Milton Badt

Milton Benjamin Badt (1884-1966) considered himself a Nevadan although he was born in San Francisco and received most of his formal education in California. He established a law practice in Elko and became District Judge before his appointment to the Nevada Supreme Court in 1947. Paul Leonard, editor of the Elko Daily Free Press and the Nevada State Journal, characterized Badt "as brilliant a man as there'd ever been in the state of Nevada."

Badt was the ninth child of Morris Badt and Lina Posener. Morris immigrated from Polish Prussia, settled in Elko in 1868, married Lina Posener, and became a merchant and rancher in Wells. The couple built a home in San Francisco, where Lina reared their children in an Orthodox Jewish household. Milton spent summers and holidays in Wells. When his father developed terminal cancer the family moved to Wells, where Milton attended the town's two-room school for several years. He later claimed that his schooling in the small Nevada community was superior to that in San Francisco. After his father's death in 1899, Milton returned to the Bay Area and graduated from the University of California in 1906, with a flair for languages which included Hebrew. He studied law at Hastings and, after a brief apprenticeship in San Francisco, opened a law practice in Elko.

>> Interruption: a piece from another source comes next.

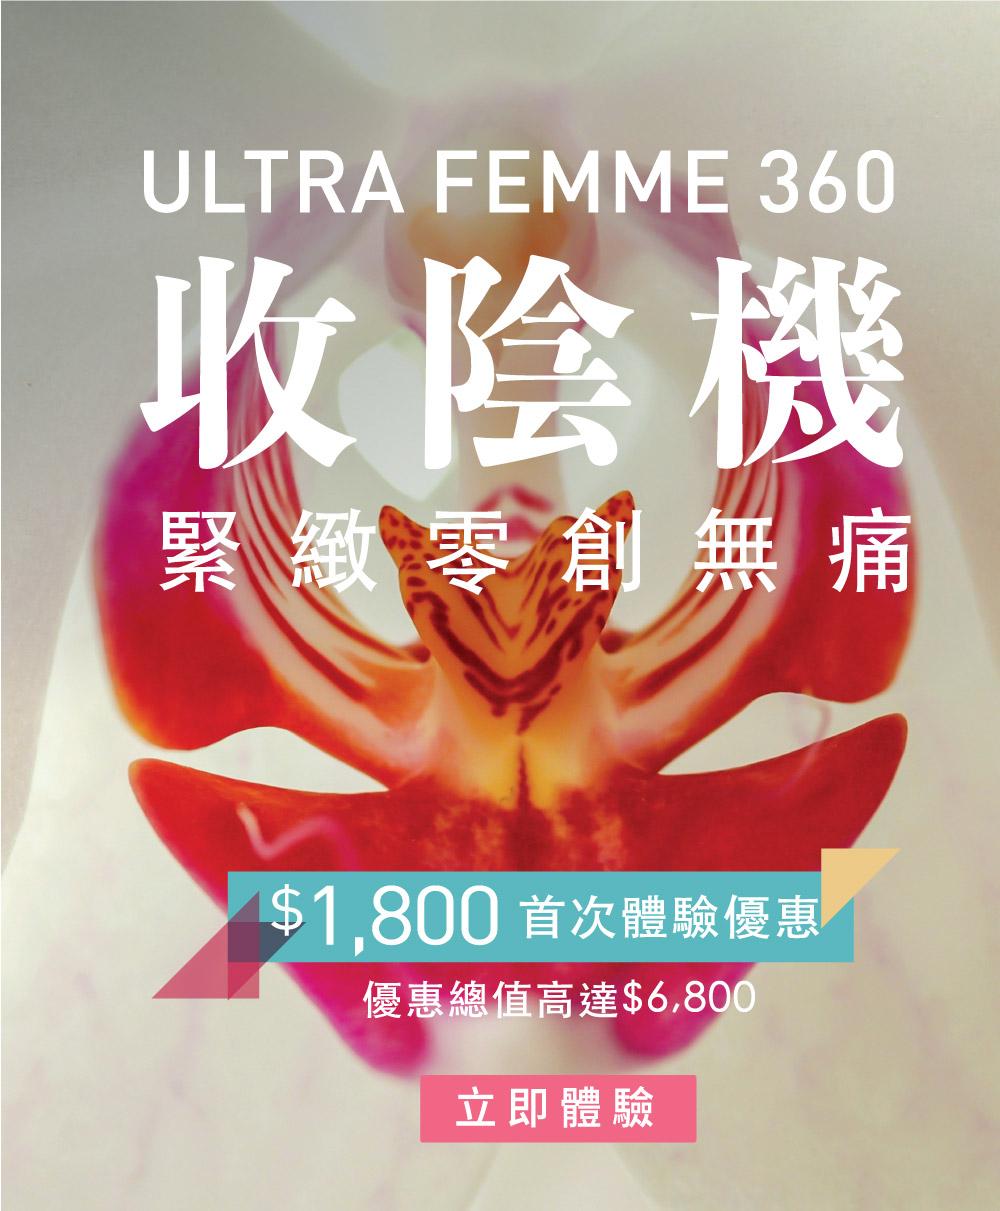 ULTRA FEMME 360收陰機緊緻零創無痛

Badt specialized in water and land law, represented the Western Shoshone seeking redress of grievances, and became district judge for Elko County in 1945. Two years later, Democratic governor Vail Pittman appointed the Republican Badt to a vacancy on the Nevada Supreme Court. He ran unopposed four times. Many acclaimed his decisions for their fairness and clarity. In King v. Board of Regents of the University of Nevada (1948), he wrote the majority opinion that the establishment of a board of seven advisory regents appointed by the governor was unconstitutional. Badt thereby reinforced what he considered the intent of the state founders that the university be governed by elected officials. In one highly publicized opinion (Richardson v. Board of Regents of the University of Nevada (1954), Badt ruled for the court that criticism of university policy by faculty members did not constitute insubordination or cause for dismissal.

Lina Badt had required all her children to promise to marry Jewish. The dearth of Jewish women in Nevada nearly rendered Badt a bachelor, but after receiving a reprieve from Lina, Milton married gentile Gertrude Nizze in 1927. They had two children, Nancy and Milton, Jr. Badt never affiliated with a Jewish congregation in Nevada and practiced Judaism privately. He recited Kaddish from memory at a friend's funeral, once gathered available Carson City Jews for a mourning service, and celebrated both Jewish and Christian holidays with his family. When Badt died of pneumonia in 1966, colleagues remembered him as a judge with few peers, civically active, a cultured master of the English language, and a cherished husband and father.